● PROBLEM TO SOLVE: Everything in the data gets repeated exactly, except for the pictures.

● SUPPLIED INFORMATION:
▬▬▬

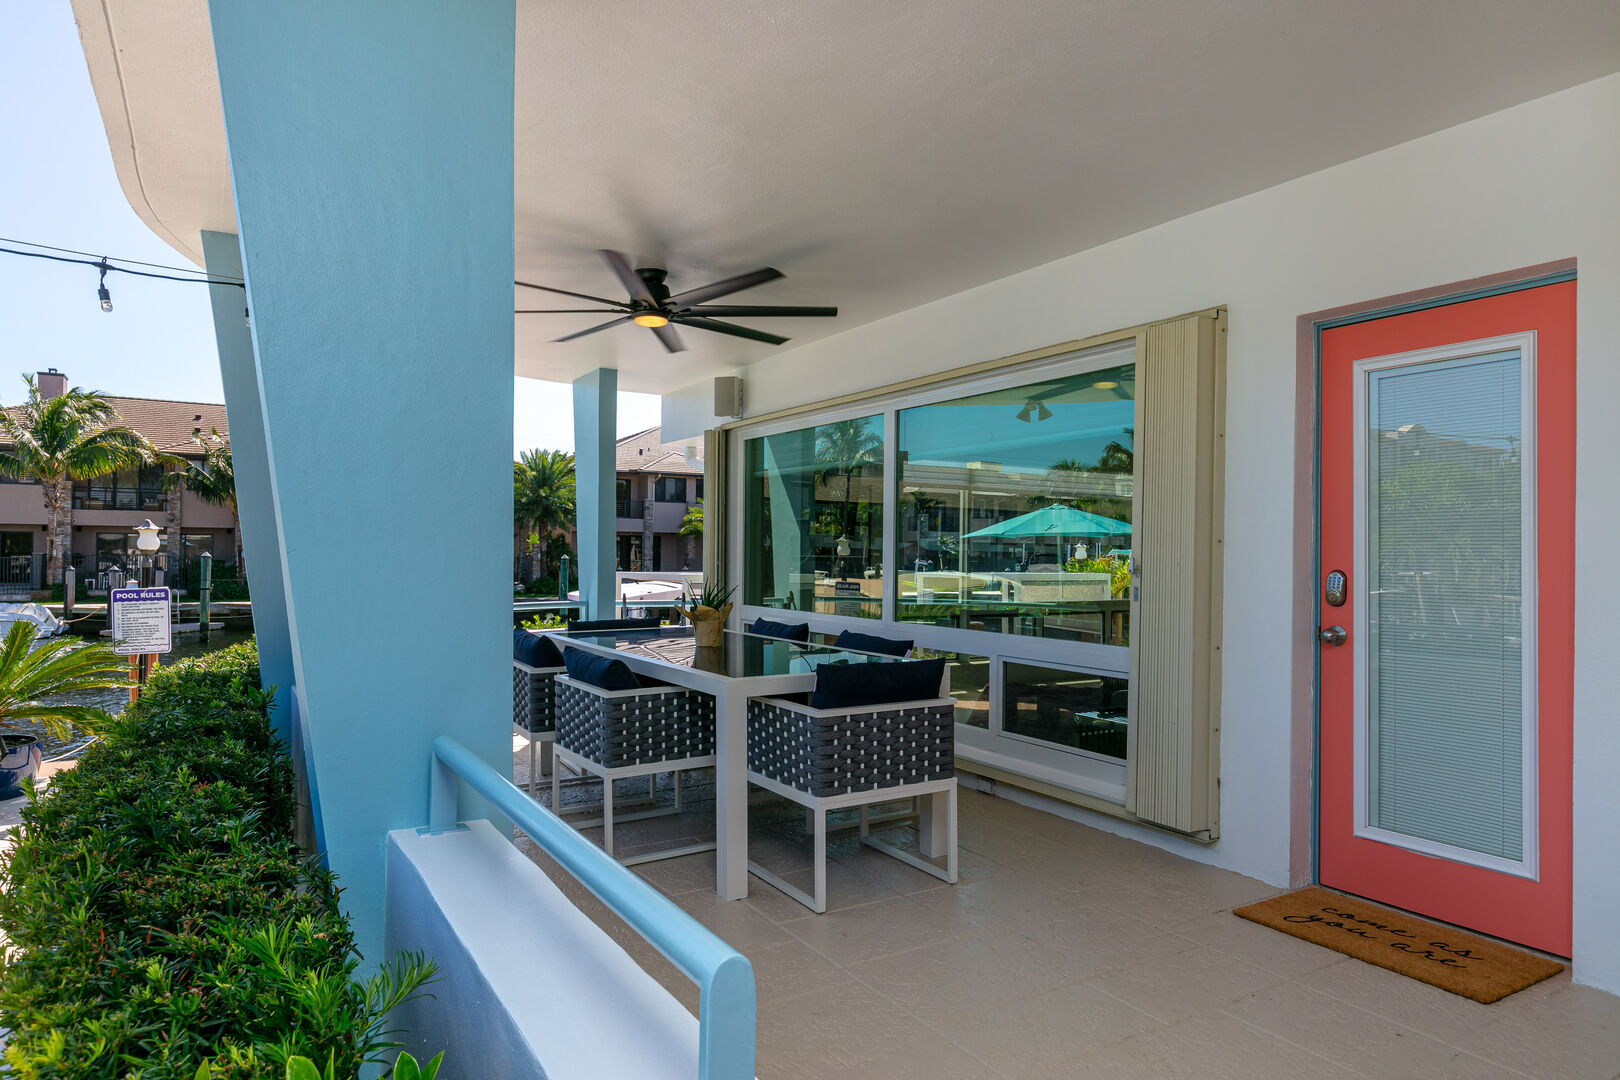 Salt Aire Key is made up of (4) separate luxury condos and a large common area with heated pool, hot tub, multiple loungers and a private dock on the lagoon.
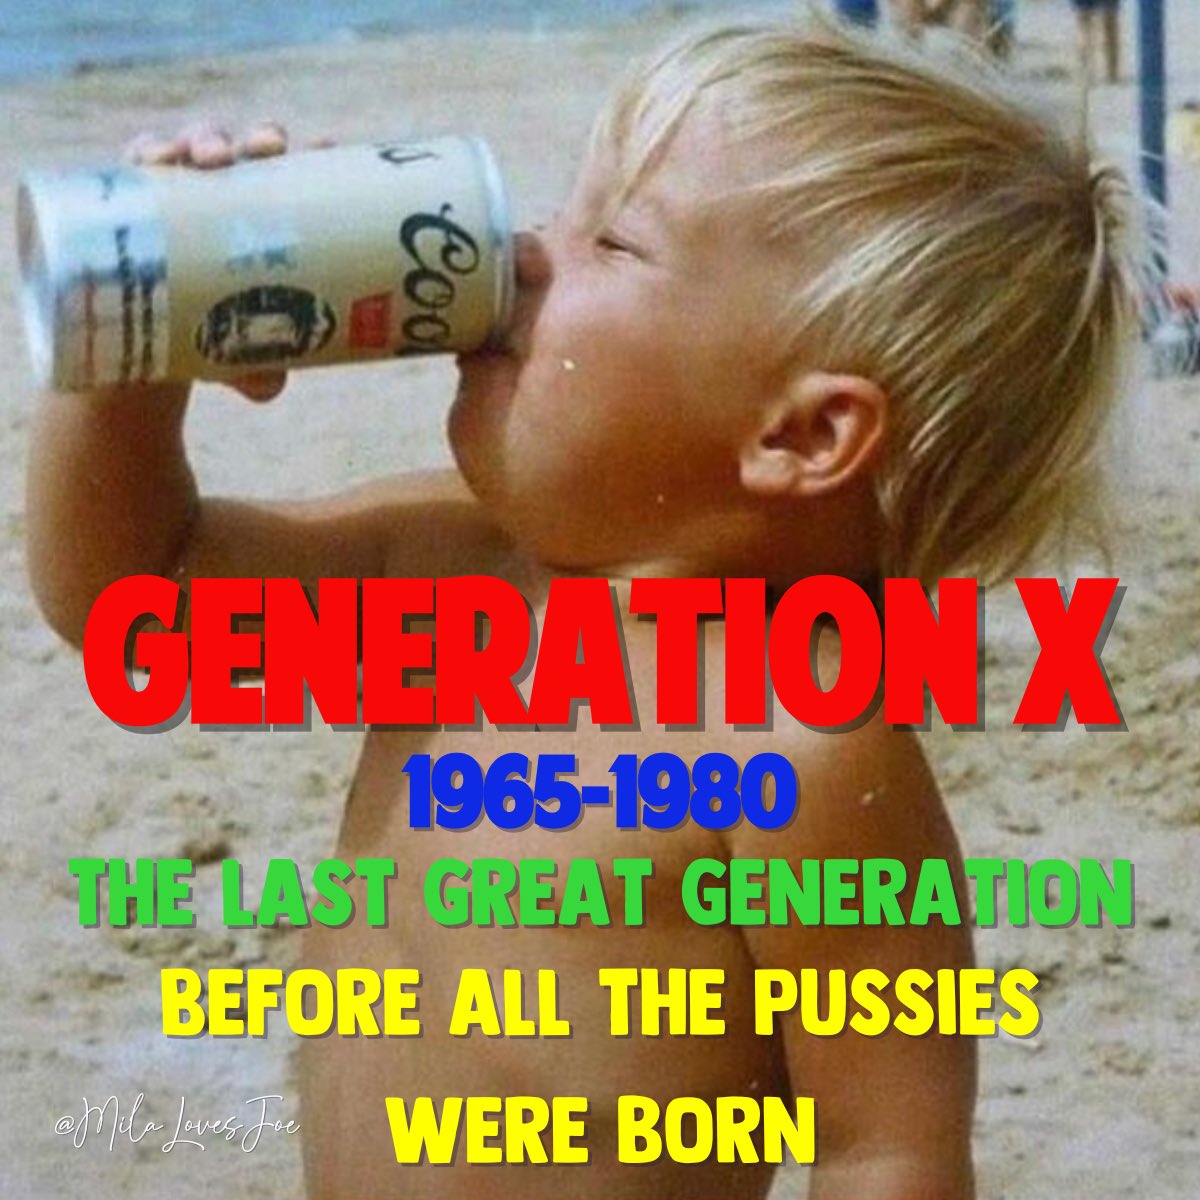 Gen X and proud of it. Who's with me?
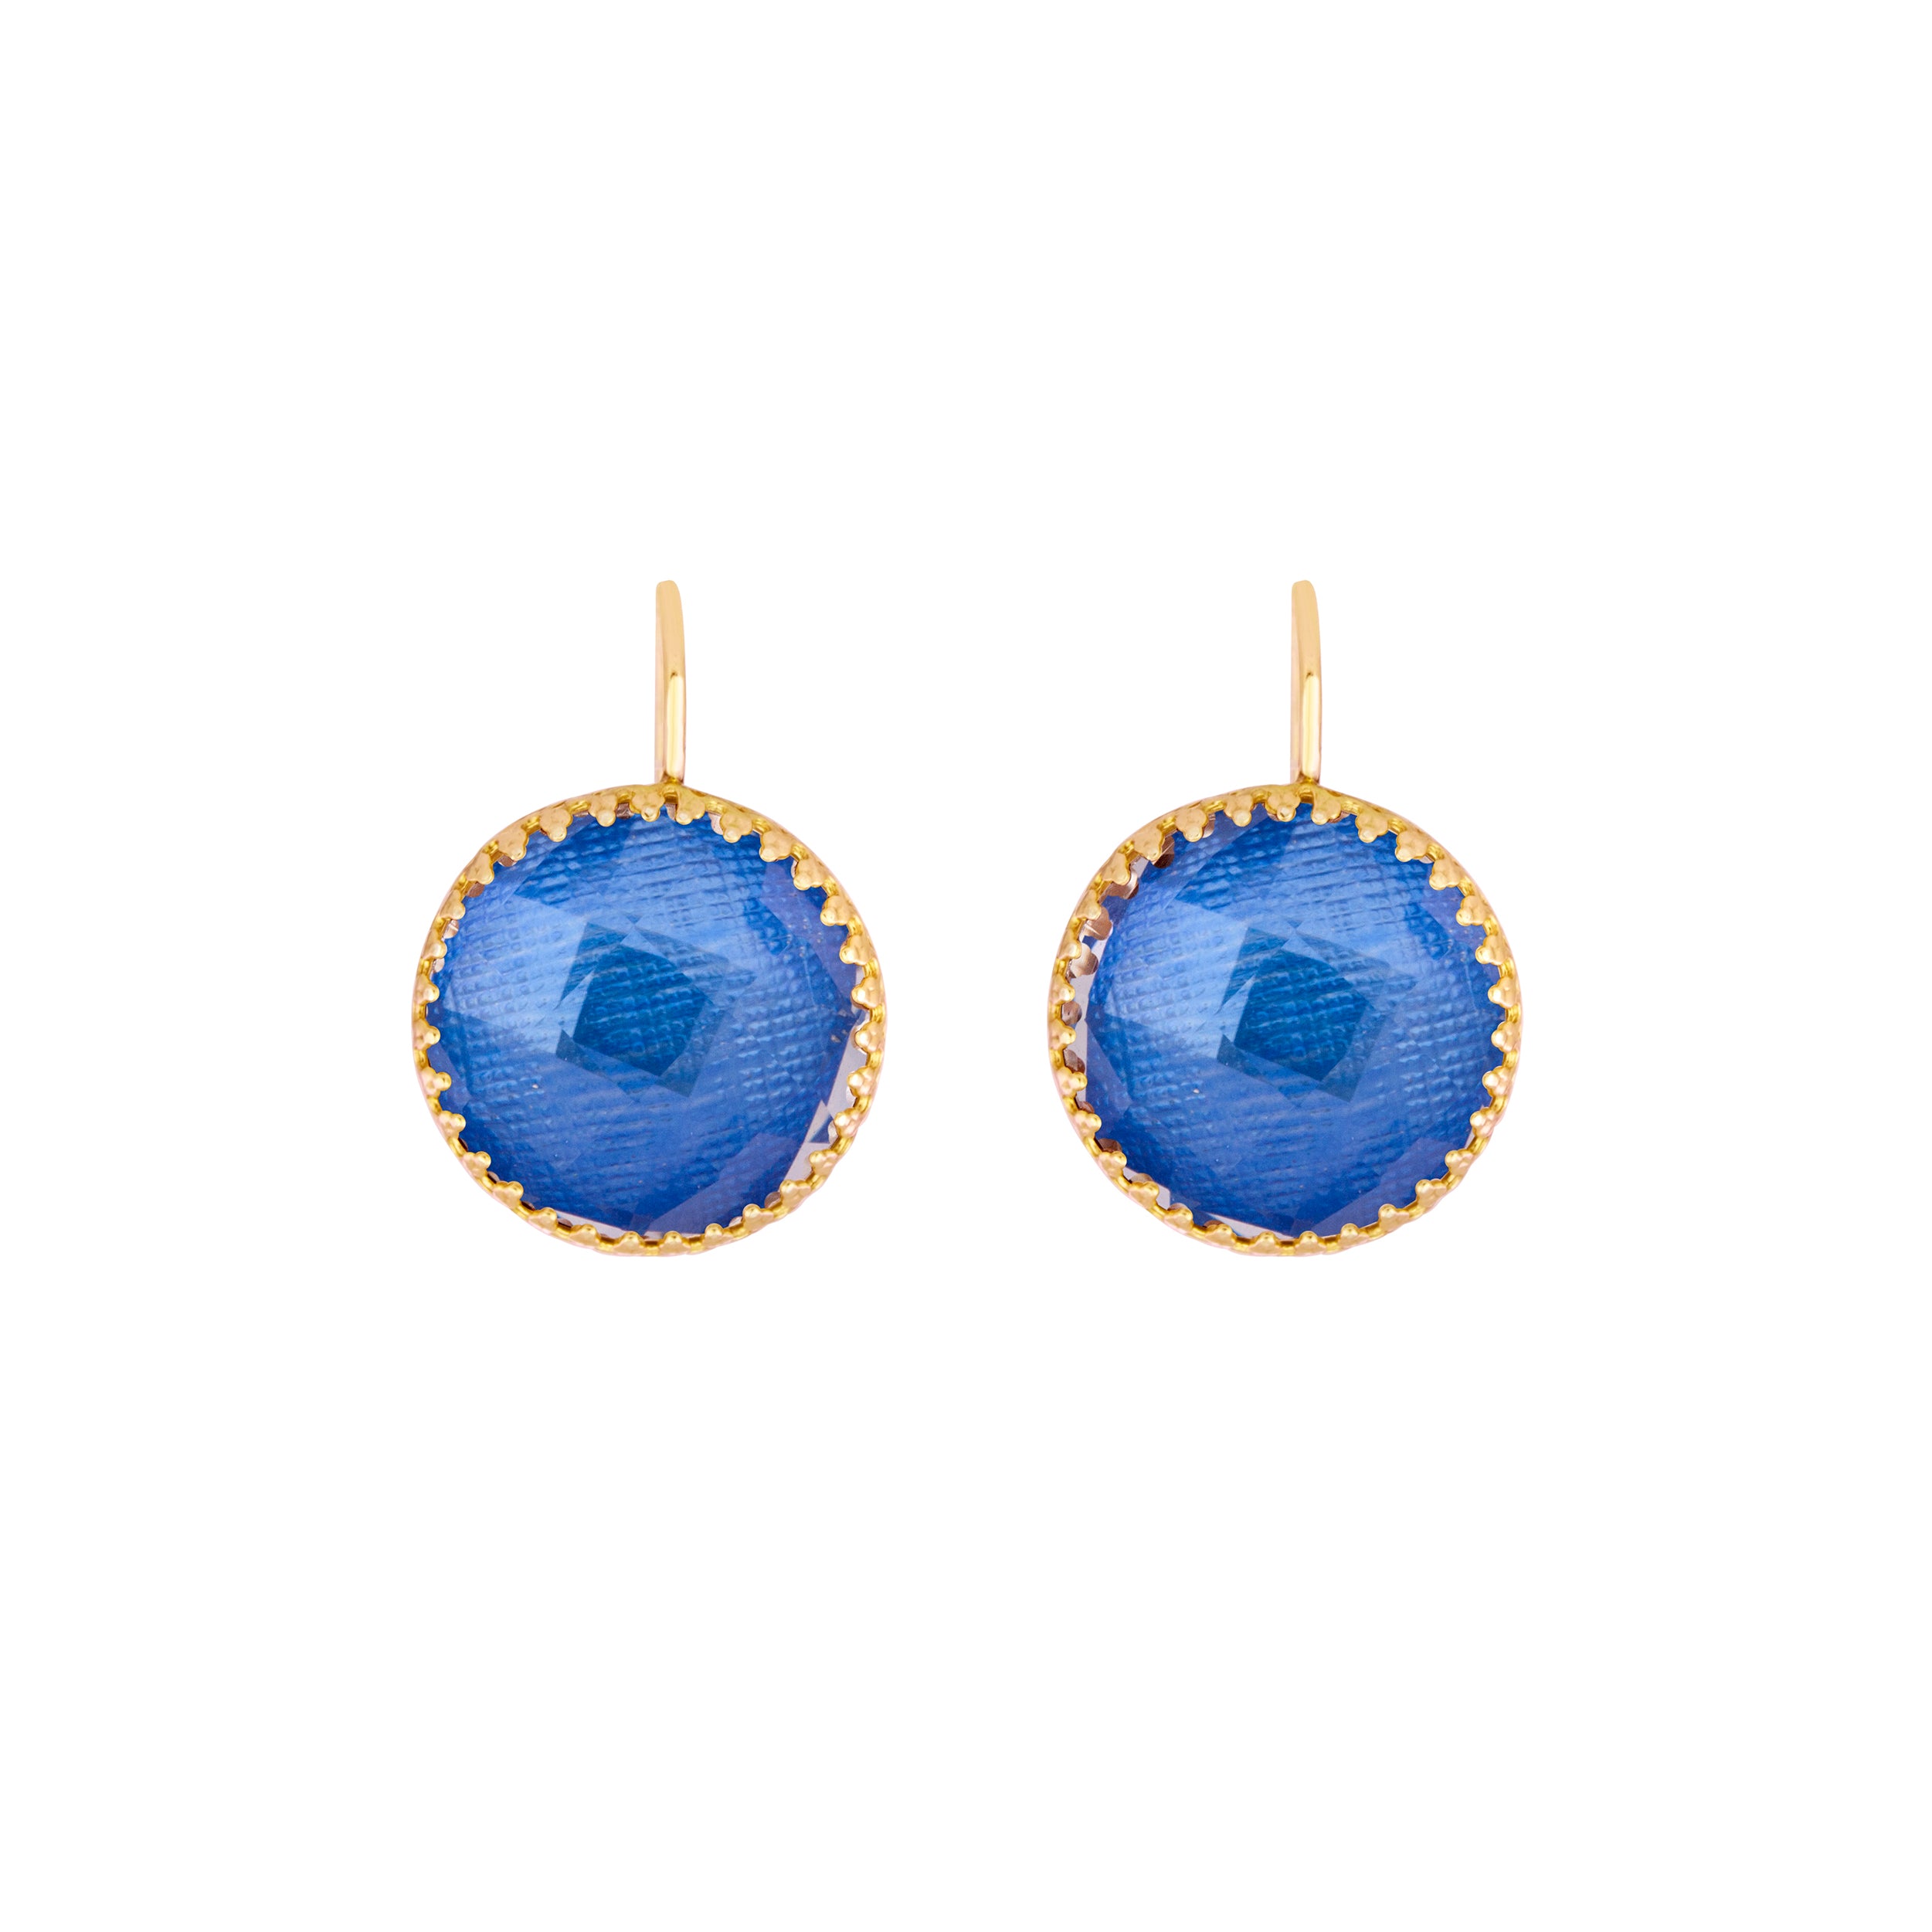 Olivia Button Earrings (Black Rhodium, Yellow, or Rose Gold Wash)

▬▬▬

● TASK ANSWER:
 Salt Aire Key is made up of (4) separate luxury condos and a large common area with heated pool, hot tub, multiple loungers and a private dock on the lagoon.
 Gen X and proud of it. Who's with me?
 Olivia Button Earrings (Black Rhodium, Yellow, or Rose Gold Wash)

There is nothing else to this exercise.